How Safe Is Your Dogs Car Harness? Not Too Safe! (Video)

This isn’t the most happiest post that we ever ever done, but as scary and sad as it is we felt obliged to raise awareness of how safe your dog really is in your car.

You have seen the old safety crash test systems with the human dummy being bashed around a car, well the same technology has been used to test the safety of our pooches. And it isn’t too comforting. 

Seven different harnesses were tested by Subaru and the Center on the MGA Research Corporation’s federally approved vehicle occupant testing lab to see how well some of the most popular pet restraints hold Fido during a crash. 

Check out the results below… (WARNING: Not for the faint or dog loving hearted!) 

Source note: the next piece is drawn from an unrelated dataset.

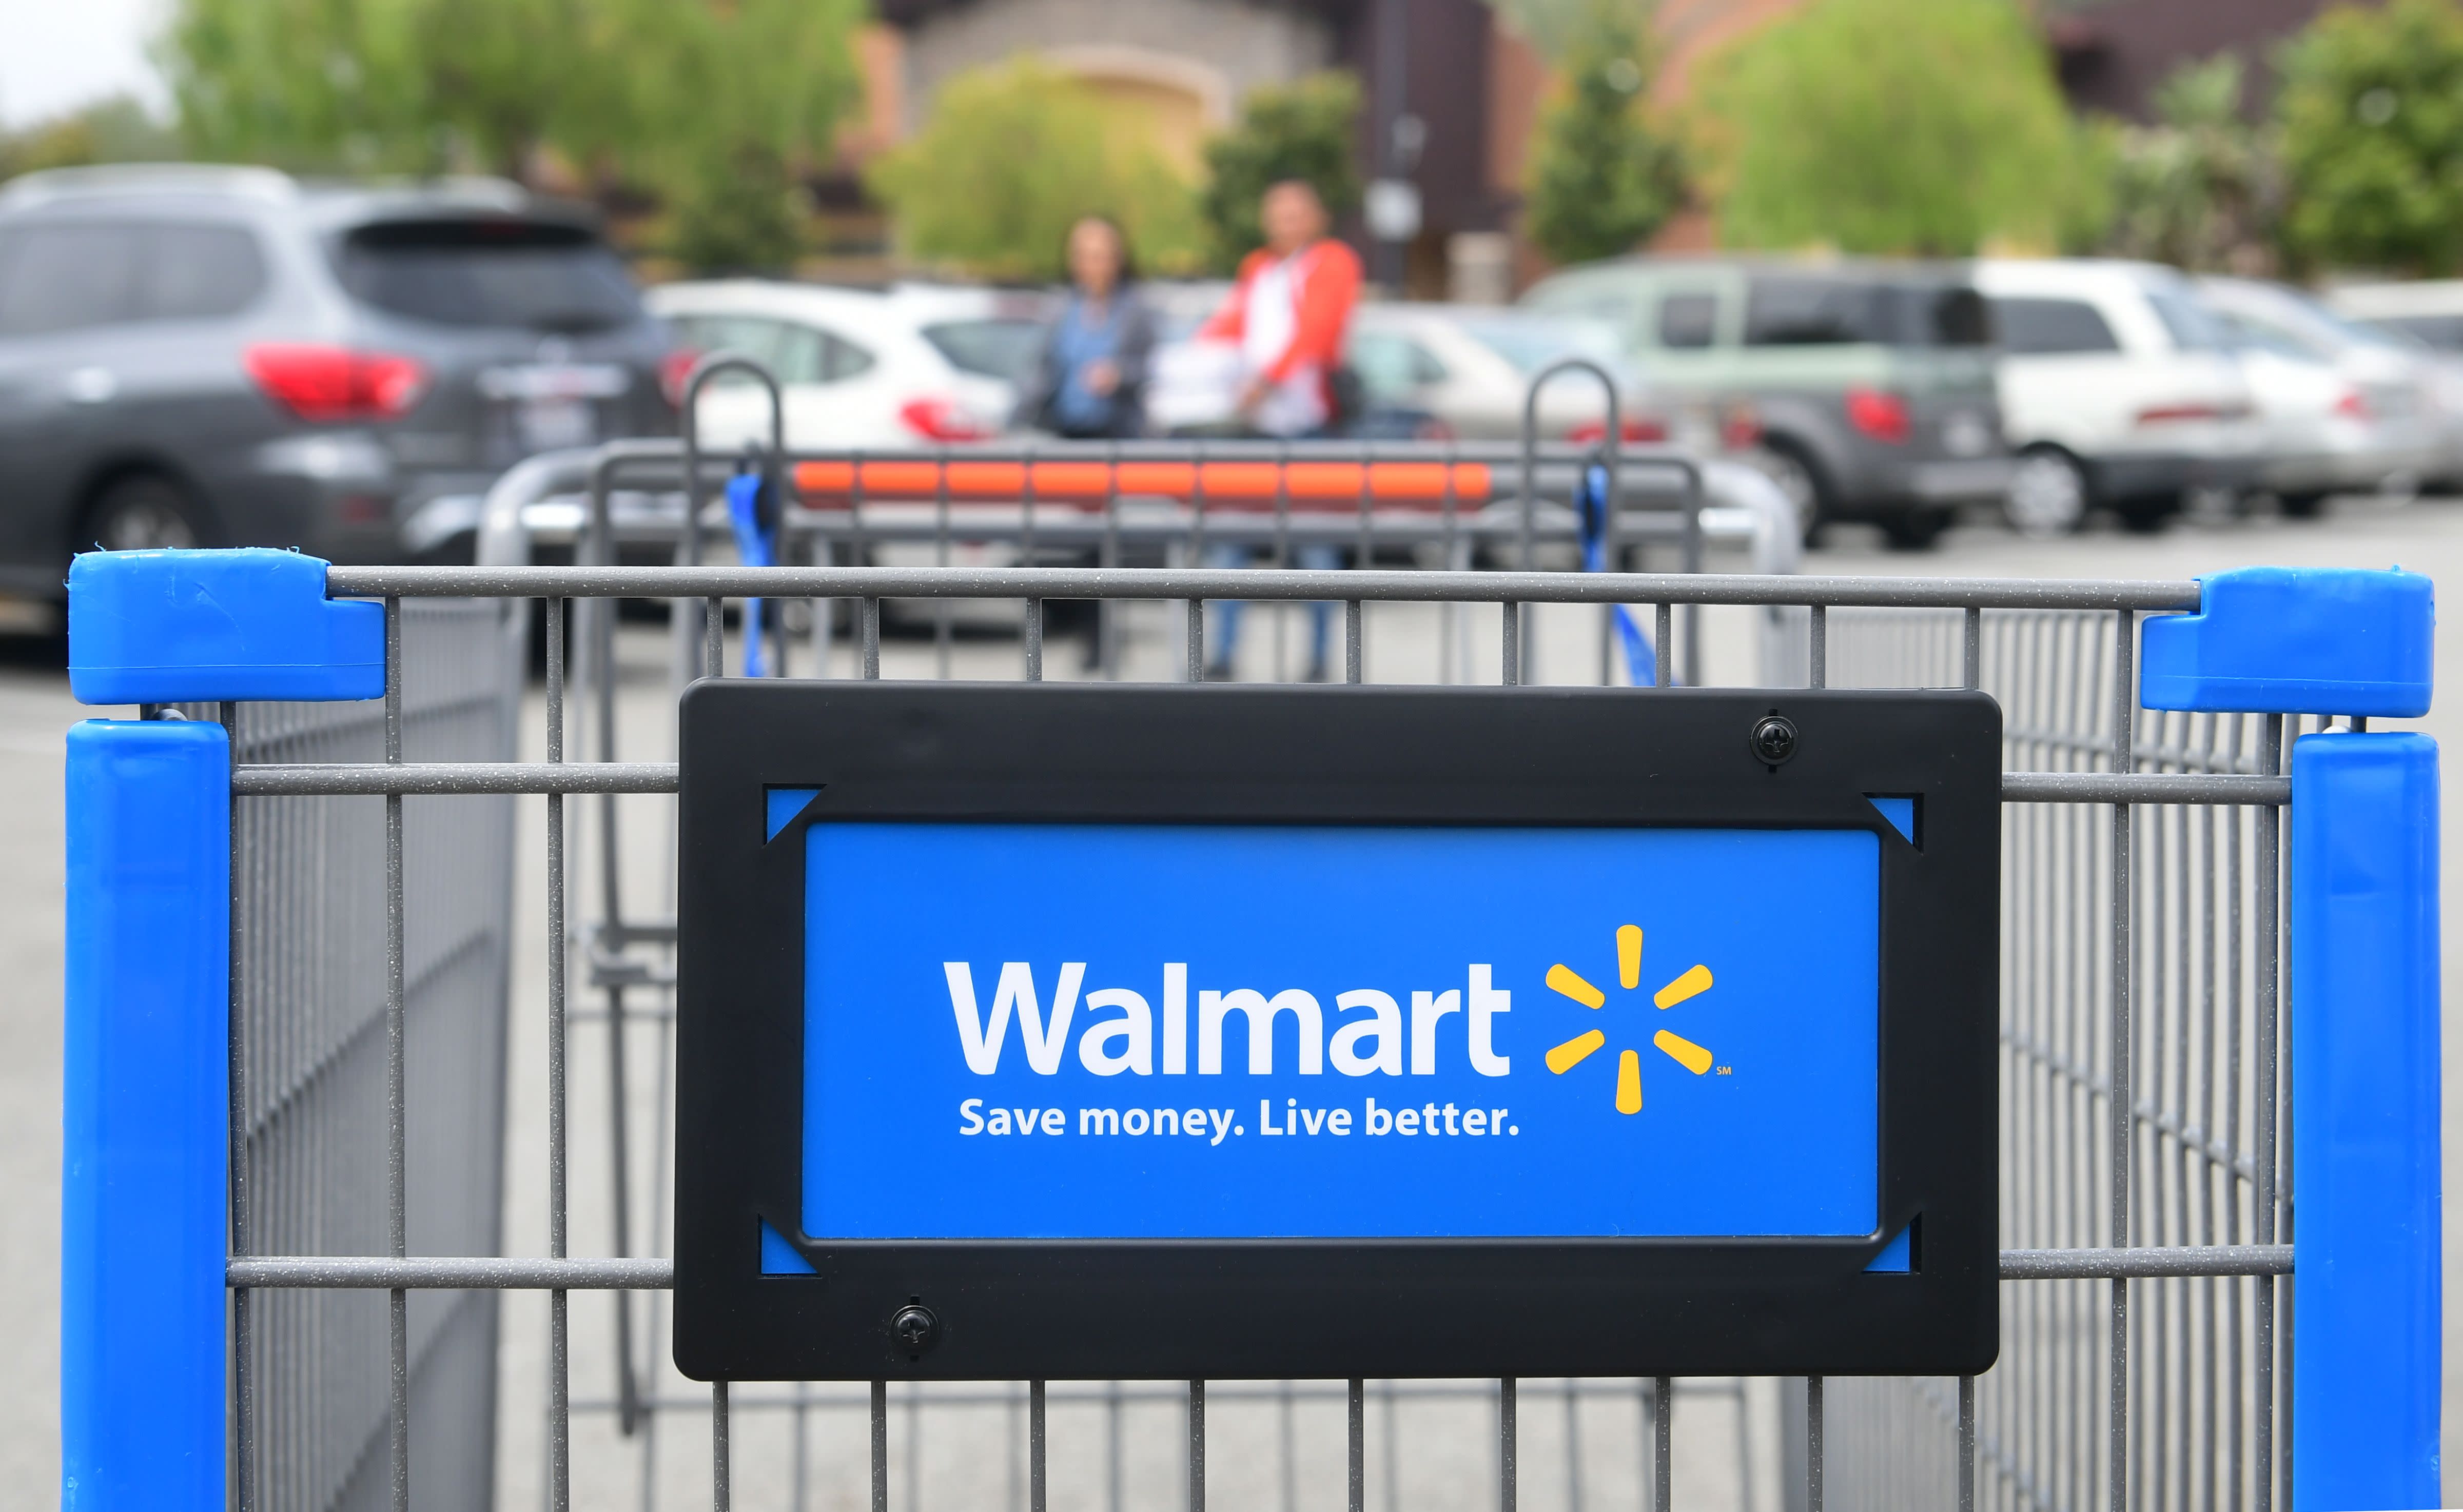 Walmart CFO Discusses Top Financial Priorities at Annual Shareholders

This video was created by Wired who explained which of the harnesses actually withstood the test:

Of the seven harnesses tested at the lab, which conducts tests for the National Highway Transportation Safety Board, only one restraint ranked as a “top performer” in the Center for Pet Safety study. The other six exhibited everything from stitching and hardware problems to what researchers called “catastrophic failure.” How catastrophic? According to the CPS, the harness “fails in such a way that it allows the test dog to become a full projectile or releases the test dog from the restraint.”

The Subaru/CPS test highlights a larger problem: There are no standards or uniform testing procedures for dog restraint systems. That didn’t keep the manufacturers of the harnesses included in the tests from claiming in promotional materials or packaging that their products underwent “testing” or “crash testing” and provide “crash protection.”

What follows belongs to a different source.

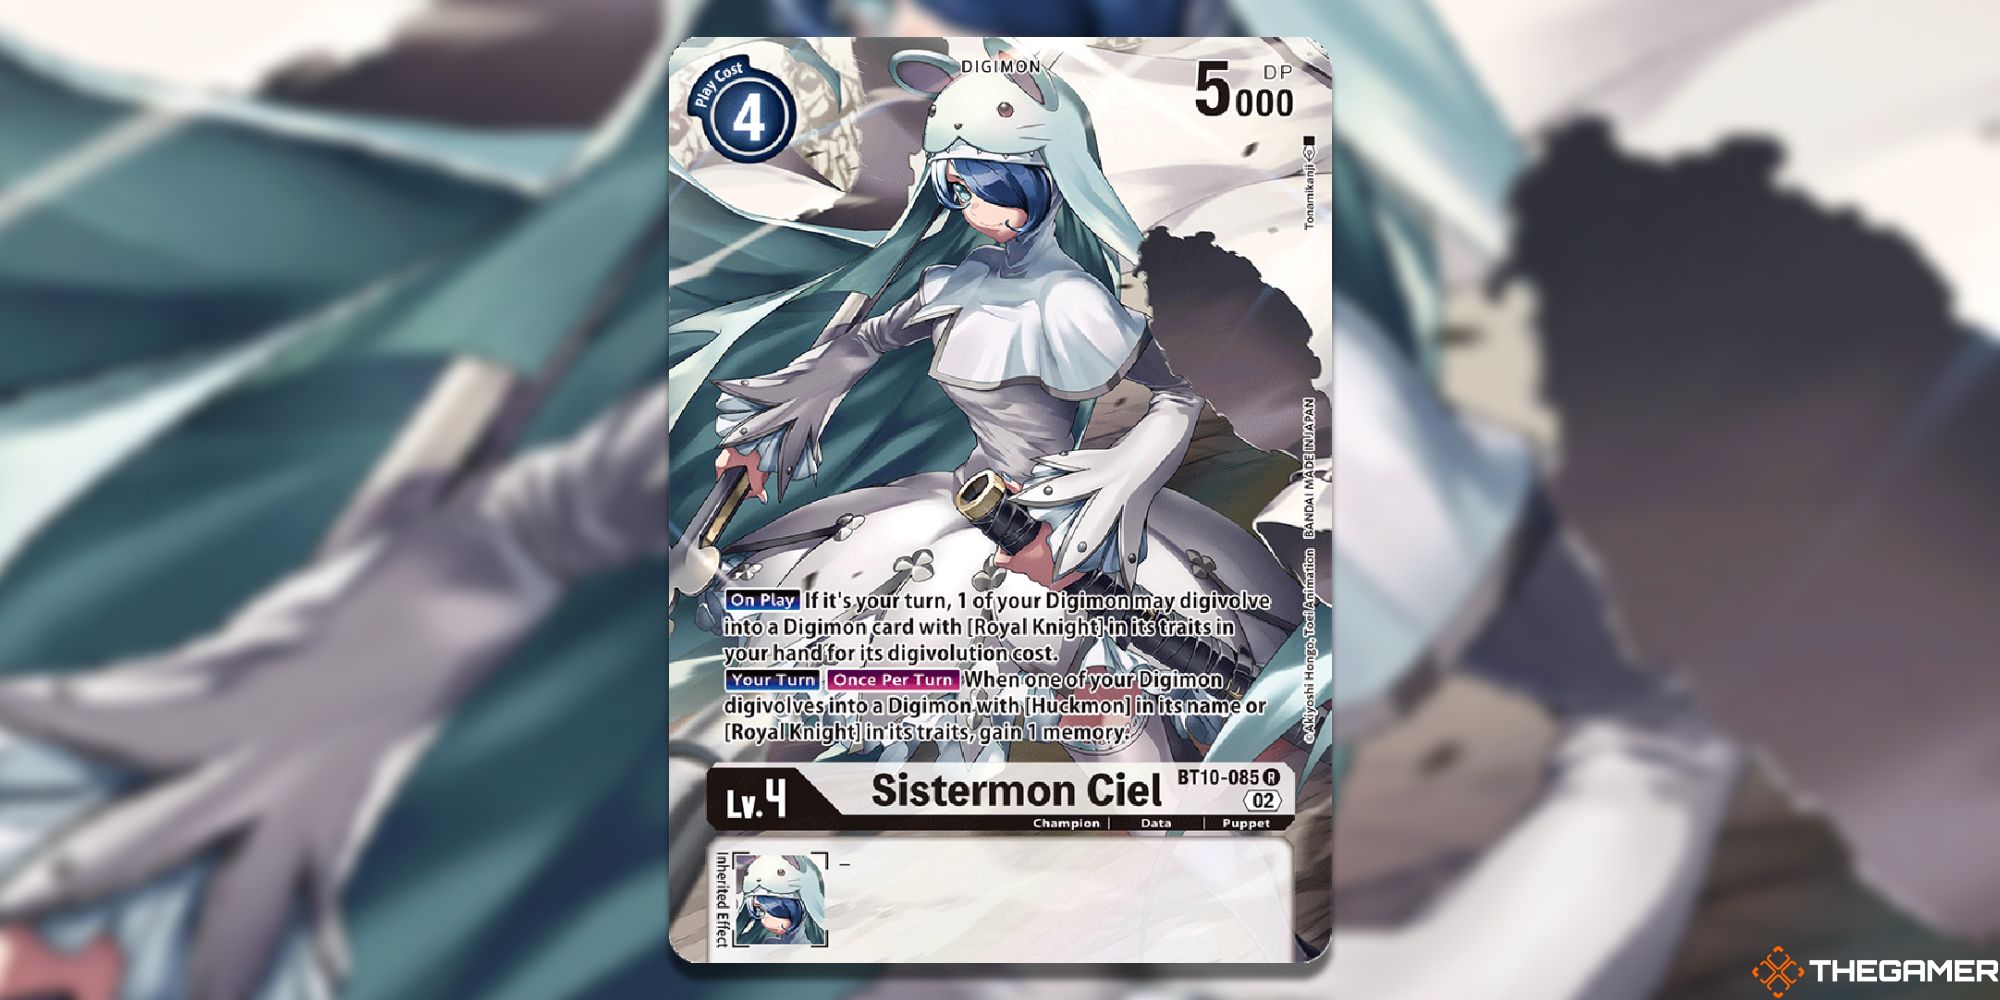 sistermon ciel bt10 card from digimon card game with blur background

In order to lay some groundwork for a standard, the CPS looked to the Federal Motor Vehicle Safety Standard 213 that outlines how a child safety seat must perform during testing. That includes a dynamic test that mimics a 30 mph crash, with a sled that bursts into motion to see how the various restraints hold up to the force. It’s also the standard many of the companies making the dog restraint systems say they adhere to.

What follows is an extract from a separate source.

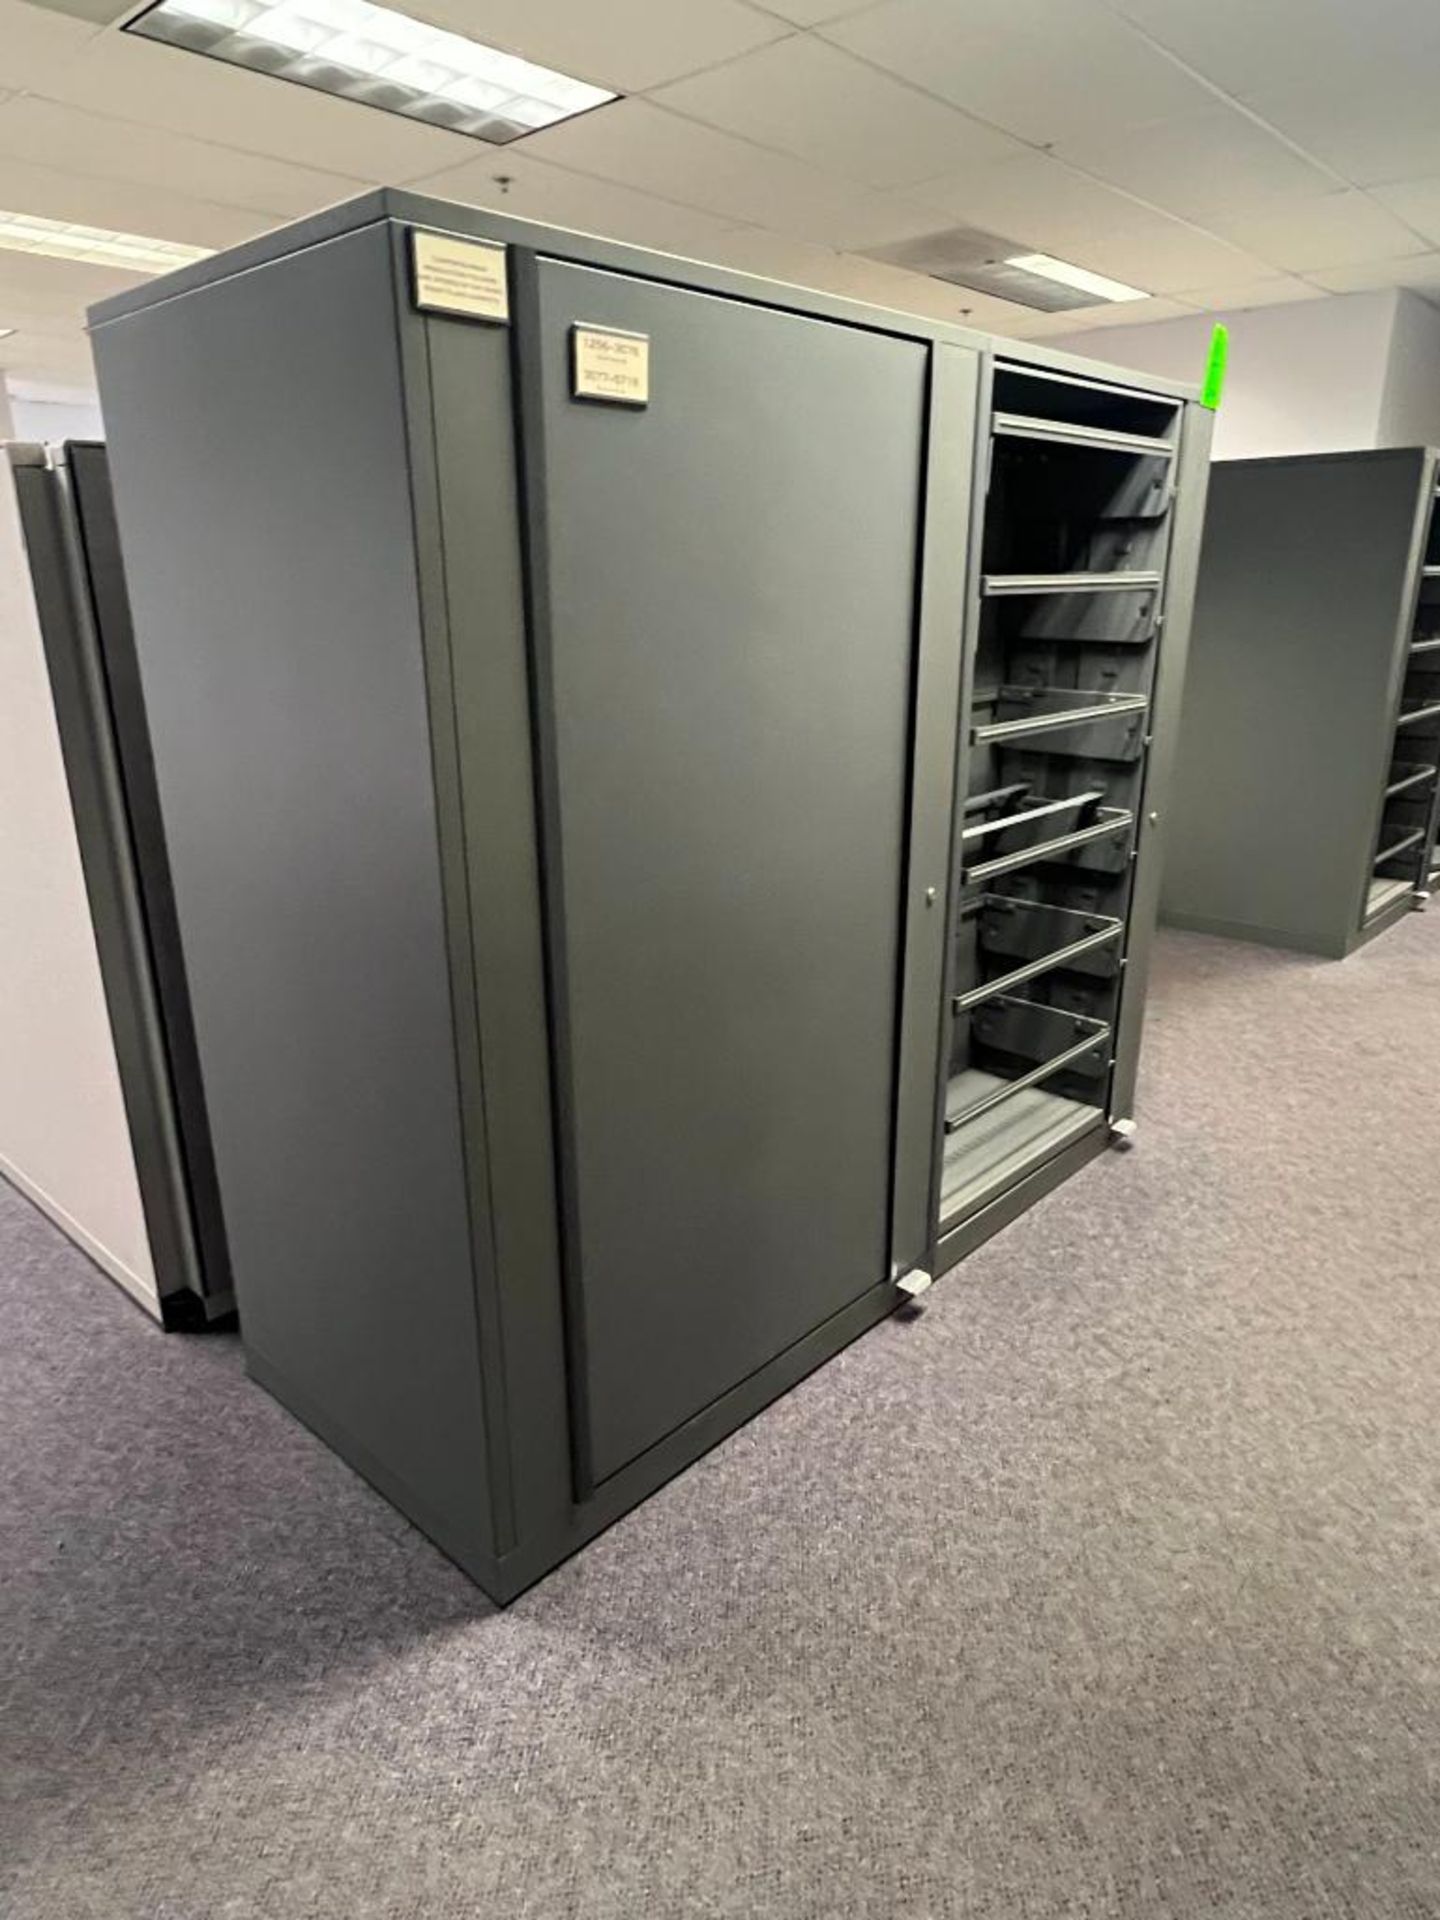 Lot of (2) Section of Rotating Filing Cabinets - Image 2 of 2

For the CPS study, the group used three plush test dogs – one representing a 25-pound terrier mix, another based on a 45-pound border collie, and a large 75-pound golden retriever – to represent the majority of canine companions in the U.S. Although some restraints did a good job keeping the dogs in place, limiting their spinal movement, and controlling rotation, only one aced all the tests: the Sleepypod ClickIt Utility.

This will definitely make us think twice about buying our next dog harness.